(147a) Amino Acid Sequence Controls Electron Transport in Peptides and Heme-Binding Peptide Monolayers

Proteins play a key role in biological electron transport, but the structure-function relationships governing the electronic properties of peptides are not fully understood. In this talk, I will discuss the role of amino acid sequence on electron transport in peptides using a combination of single-molecule experiments, molecular dynamics (MD) simulations, and quantum transport calculations. In recent work, we observed an unexpected two-state molecular conductance behavior for peptides across several different amino acid sequences.
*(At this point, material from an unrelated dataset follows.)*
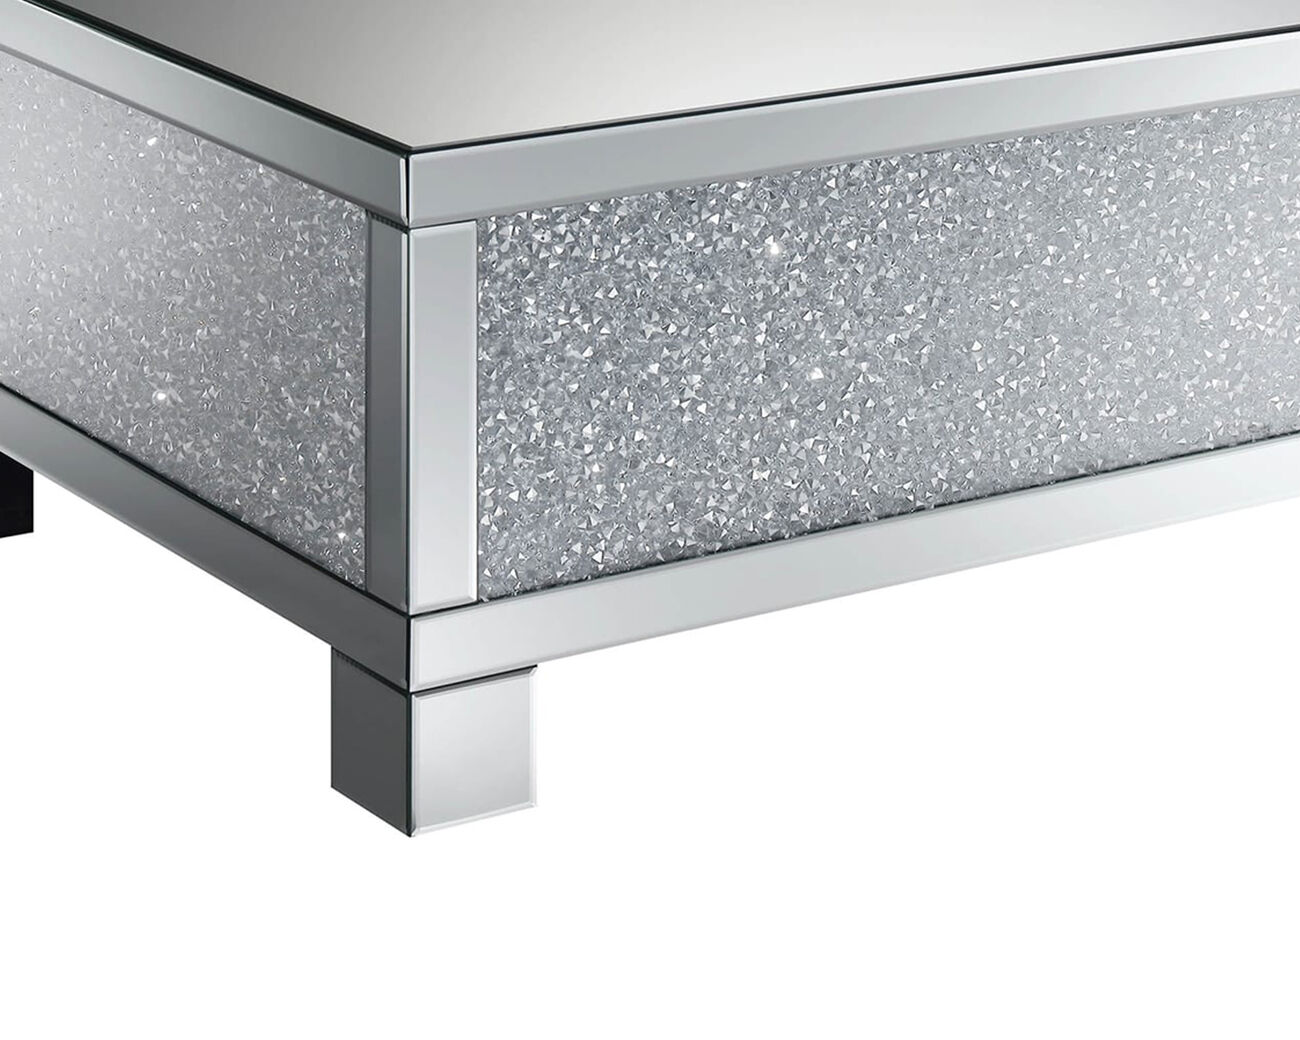 Contemporary Style Metal Coffee Table with Crystal Accents, Silver
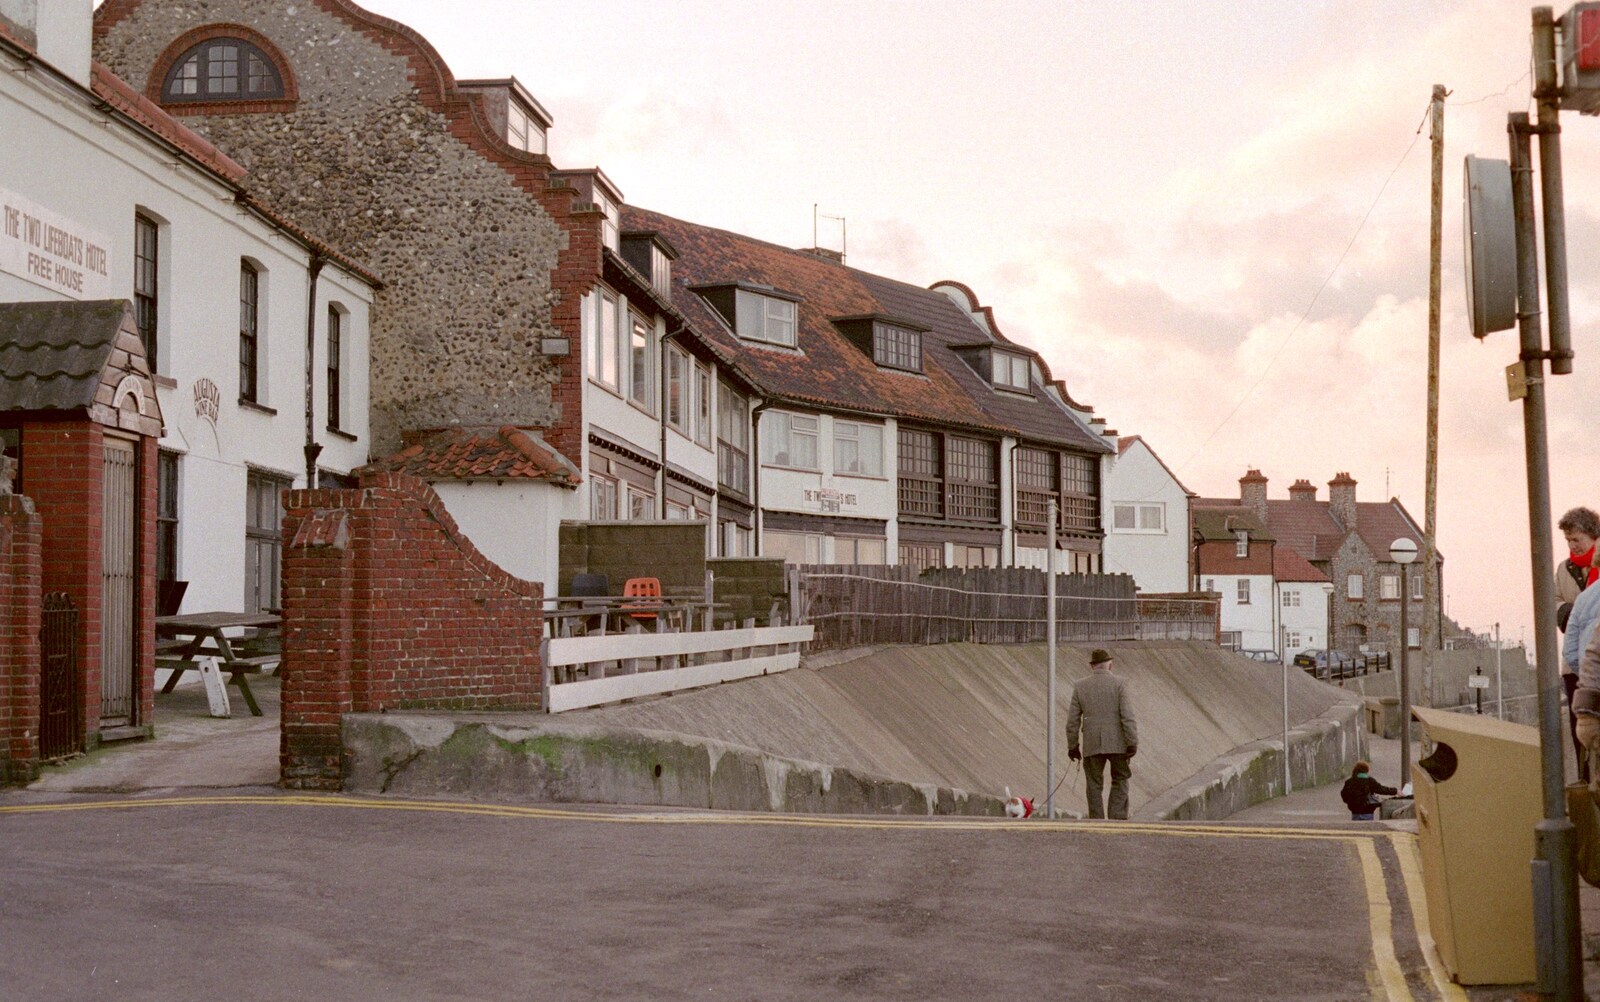 The seafront, and the Two Lifeboats Hotel from A Visit to Sheringham, North Norfolk - 20th November 1987

A high-conductance state arises due to a defined secondary structure (beta turn or 3-10 helices), and a low-conductance state arises for extended peptide structures. These results highlight the importance of intramolecular H-bonding and helical conformations on electron transport in peptides. Active learning is combined with experiments, theory, and simulations to understand and predict the electronic properties of large libraries of peptides with different amino acid sequences, including 324 tetrapeptides and 5832 pentapeptides. Using this approach, we demonstrate the ability to predict the electronic properties of folded molecular structures across a broad range of amino acid sequences. In a second project, the electronic properties of a series of heme-binding peptides based on cytochrome bc1 are studied using molecular electronics experiments and simulations. Self-assembled monolayers (SAMs) are prepared using sequence-defined heme-binding peptides capable of forming helical secondary structures. Following monolayer formation, the structural properties and chemical composition of assembled peptides are determined using atomic force microscopy (AFM) and X-ray photoelectron spectroscopy (XPS), and the electronic properties (I-V curves) are characterized using a soft contact liquid metal electrode method based on eutectic gallium-indium alloys (EGaIn). Our results show a striking 1000-fold increase in current density across SAM junctions upon addition of heme compared to identical peptide sequences in the absence of heme, while maintaining a constant junction thickness. These findings show that amino acid sequence directly controls enhancements in electron transport in heme-binding peptides. Overall, this work highlights the role of amino acid sequence in determining the electronic properties of synthetic peptides inspired by nature, providing new avenues for the design of functional bioelectronic materials.